Morgan Stanley is buying E-Trade, the discount brokerage firm that allows regular people — i.e., those without tons of money — to buy and sell financial assets online. The deal would give Morgan Stanley access to a new customer base known as the “mass affluent”: people who have some savings to invest, but are not rich enough to buy into hedge funds or pay for a Wall Street money manager (Morgan Stanley’s traditional bread and butter). The $13 billion takeover is the biggest by a major American bank since the 2008 financial crisis.

Now that Brexit has finally happened, Parliament can focus on other things — like keeping certain types of immigrants out of Britain. Starting next year, the government will restrict visas for workers who can’t speak English or meet specific salary minimums. The new rule is part of Prime Minister Boris Johnson’s promise to “take back” control of the country’s borders and reduce its economy’s dependence on cheap migrant labor. But it isn’t unfriendly to all foreigners — high-skilled workers (engineers, scientists, those with advanced degrees) are welcome. Still, many business owners are worried that the law will hurt them because they rely on employees who don’t meet its requirements. Another concern: The regulation disproportionately affects female immigrants, particularly those in low-paying jobs like nursing and senior care.

Employees at the crowdfunding platform Kickstarter have voted to unionize — a groundbreaking step in Silicon Valley, which has been notably unfriendly to organized labor.
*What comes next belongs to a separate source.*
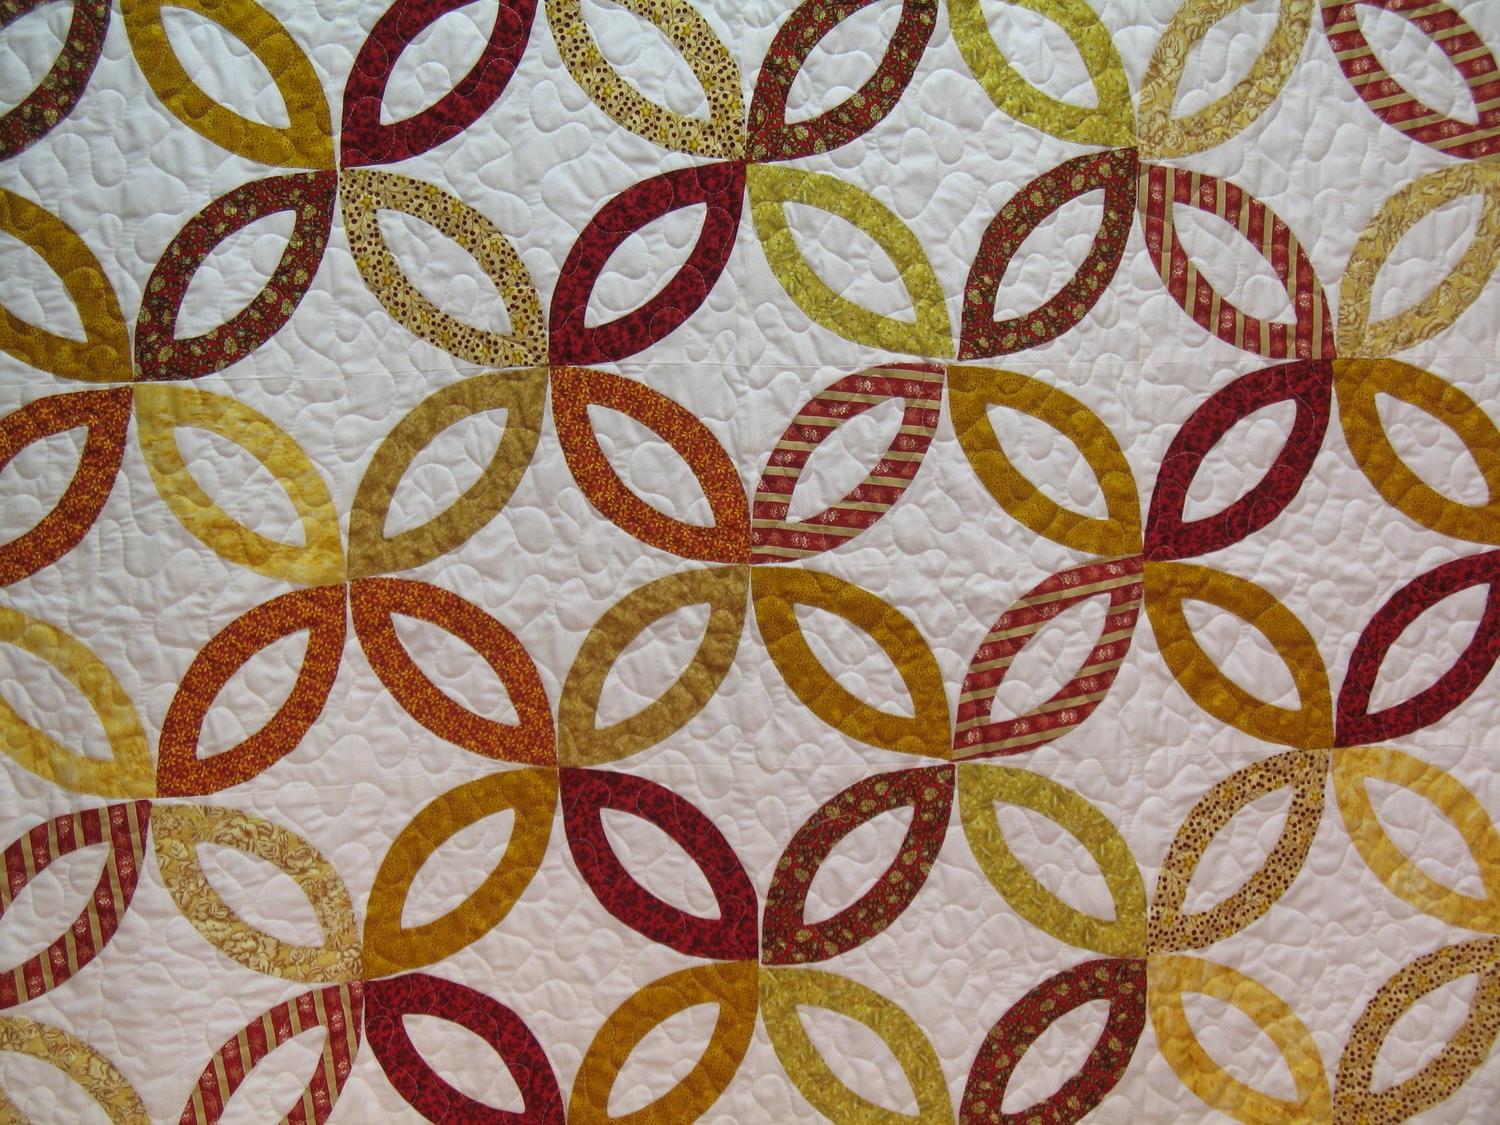 Double Wedding Ring Quilt in Yellows and Reds on White. From justsewquilts
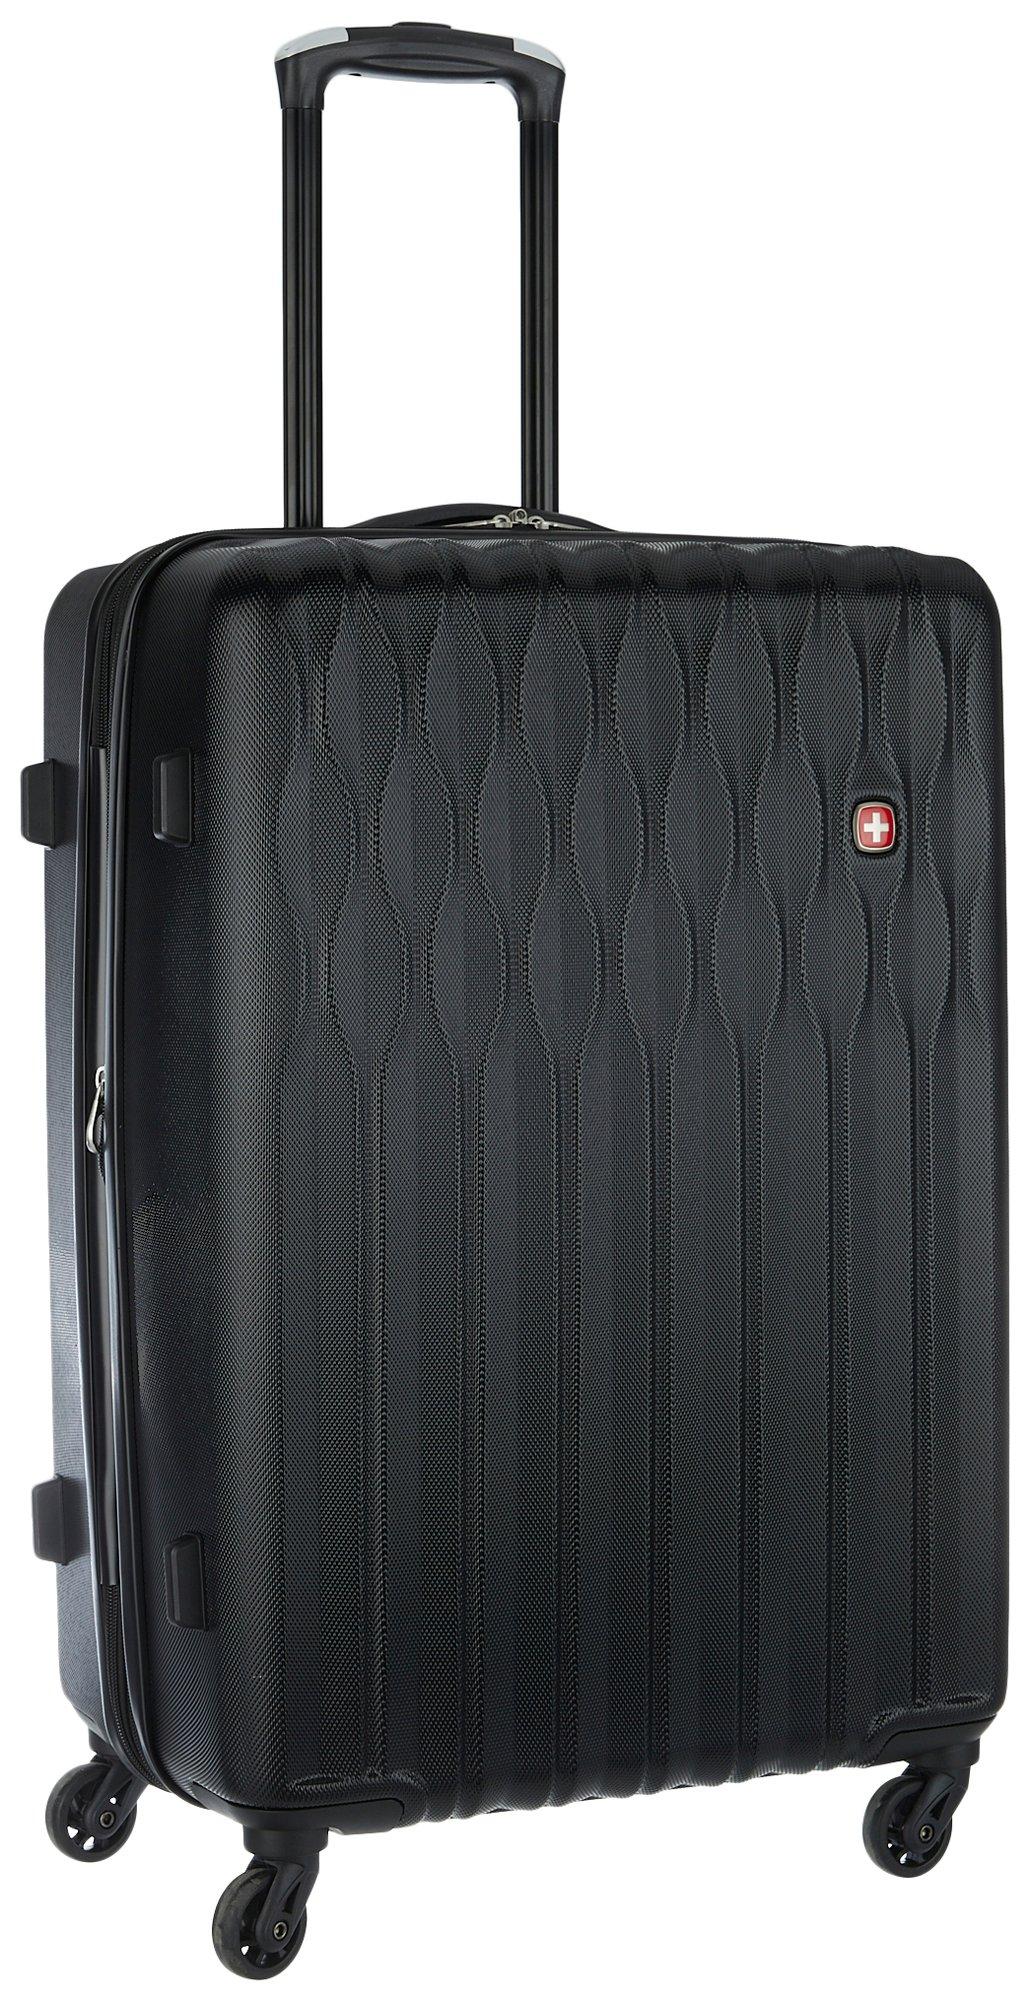 Swiss Gear 24'' 8018 Expandable Hardside Spinner Luggage

Google, for instance, tried to prevent workers from discussing their labor rights, hired a consulting firm that specializes in blocking unions and fired several employees who pushed back. (The company says the employees were let go for other reasons.) Kickstarter is one of the first tech companies of its size and visibility where employees overcame those obstacles, and their next steps will be watched closely by other workers who hope to follow suit — as well as higher-ups seeking to stop them.

Over a month into the coronavirus outbreak, businesses are starting to see more widespread fallout as governments impose stricter measures to contain it. Apple cut its sales expectations for the quarter, citing the virus’s impact on factories and stores. (In China, many people are afraid — or forbidden — to go out and shop, and deliveries are stuck in limbo.) Meanwhile, Amazon is stockpiling more Chinese products in the United States, a departure from its usual strategy of keeping inventory lean, in case the virus gets worse and disrupts trade further. The stock market, however, didn’t seem too bothered by news of more quarantines this past week.

New Mexico has accused Google of using its educational products to spy on the state’s children and families, and is suing the tech giant for violating the federal Children’s Online Privacy Protection Act. The lingerie company Victoria’s Secret is being sold and is expected to go private, capping off a year of harsh scrutiny of Leslie Wexner, its owner, who had ties to the convicted sex offender Jeffrey Epstein. And across the Atlantic, the “Bernie Madoff of France,” Gérard Lhéritier, is preparing his defense against charges that he orchestrated a literary Ponzi scheme involving a billion-dollar collection of rare books and manuscripts.